Discussion: In this interpreter defined in part c, applying a function to an argument will result in an updated environment (the formal parameter will be associated with the value of the actual parameter in the updated environment). The function body will then be evaluated in this new environment. The only question is, which environment should be updated to reflect the actual parameter? Since we are considering statically scoped languages here, the environment to be updated is the one in effect when the function was defined, rather than the one in place when the function is called! Since we don't have many names floating around here it may be difficult for you to appreciate this distinction. However, look at the following example:
```
        let f = fn x => (iszero (succ x))
            in let g = fn y => f y
            in let f = fn x => (iszero x)
            in g 0
```
where (let x = M in N) is shorthand for ((fn x => N) M). This should evaluate to false under static scoping (the f in the definition of g is the outermost f), while it returns true under dynamic scoping (the f in the definition of g refers to the most recently defined value of f - the innermost one). Make sure your interpreter evaluates this expression (after you have gotten rid of all of the let's) properly.

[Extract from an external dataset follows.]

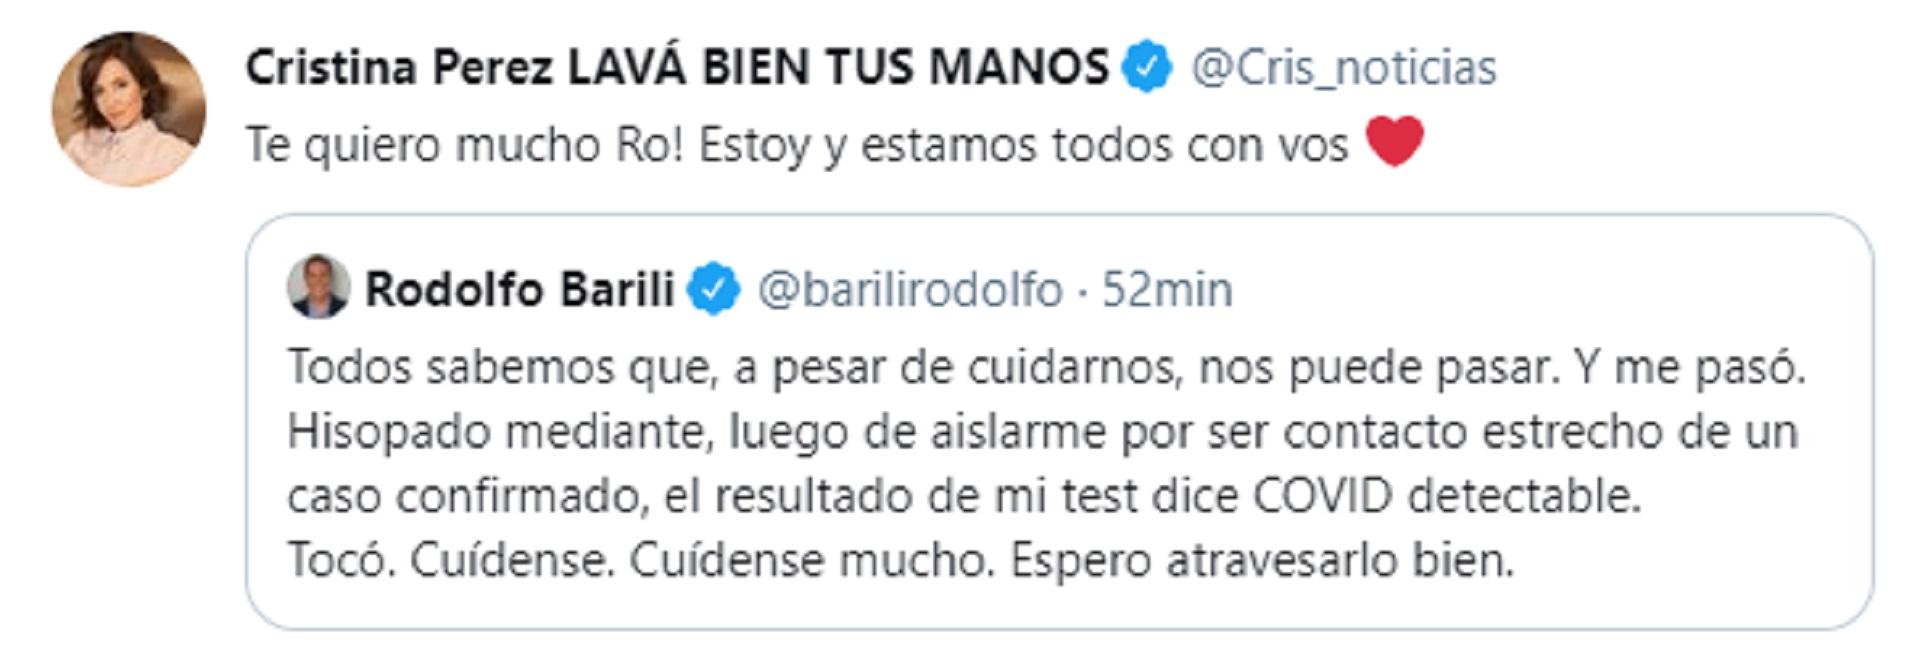 El mensaje de Cristina Pérez

c. Define a function, newinterp t env, that takes a term, t, (possibly involving free variables) and an environment, env, that gives meaning to all the free variables in the term, and returns a value representing the evaluation of the term in that environment. (Note: In the initial call to evaluate a term, you will want to pass your default environment from above. Nevertheless, the function should still take two arguments, since in recursive calls---particularly with applying functions---you will want to call newinterp with different environments. See rule 11 below.) In the rules below, rho stands for an environment:
```
(1) (n, rho) >> n  for n an integer.

(2) (true, rho ) >> true, and similarly for false

(3a) (x, rho) >> rho(x), if rho(x) is not a thunk

(3b) (x, rho) >>  v, if rho(x) is of the form thunk(e,rho') and 
        (e, rho') >> v, otherwise

(4) (error, rho) >> error

(5) (succ, rho) >> succ, and similarly for the other initial functions

(6) (fn x => e, rho) >> closure(x, e, rho)
```
Notice that we save the defining environment along with the formal parameter and function body.
```
       (b, rho) >> true,       (e1, rho) >> v     
(7)    --------------------------------------      
          (if b then e1 else e2, rho) >> v       

       (b, rho) >> false,       (e2, rho) >> v
(7a)   --------------------------------------
          (if b then e1 else e2, rho) >> v

       (e1, rho) >> succ,       (e2, rho) >> n
(8)    -------------------------------------
          ((e1 e2), rho) >> (n+1)


        (e1, rho) >> pred,       (e2, rho) >> 0           
(9a)    -------------------------------------
           ((e1 e2), rho) >> 0                      

        (e1, rho) >> pred,      (e2, rho) >> (n+1)
(9b)    -------------------------------------
           ((e1 e2), rho) >> n

    
        (e1, rho) >> iszero, (e2, rho) >> 0
(10a)   -------------------------------------
           ((e1 e2), rho) >> true               

        (e1,rho) >> iszero, (e2, rho) >> (n+1)
(10a)   -------------------------------------
           ((e1 e2), rho) >> false


        (e1, rho) >> closure(x, e3, rho_f),  (e2, rho) >> v1, 
                    (e3, rho_f[x:=v1]) >> v
(11)    ----------------------------------------------------
                    ((e1 e2), rho) >> v
```
Notice that the body of the function is interpreted in the environment from the closure, updated to reflect the assignment of the actual parameter value to the formal.
```
        (e, rho[x:=thunk(rec x => e, rho)]) >> v
(12)    ----------------------------------------
                (rec x => e, rho) >> v
```
Notice that in evaluating a recursive expression we simply evaluate the body in an environment in which the recursive name stands for the recursive expression. It is important to put this in the environment so that other recursive calls can be evaluated properly. We use thunks to suspend the evaluation of the call so that it will be not be evaluated until it is needed. When the thunk is encountered, the term can be evaluated in the environment stored with it (as in rule 3).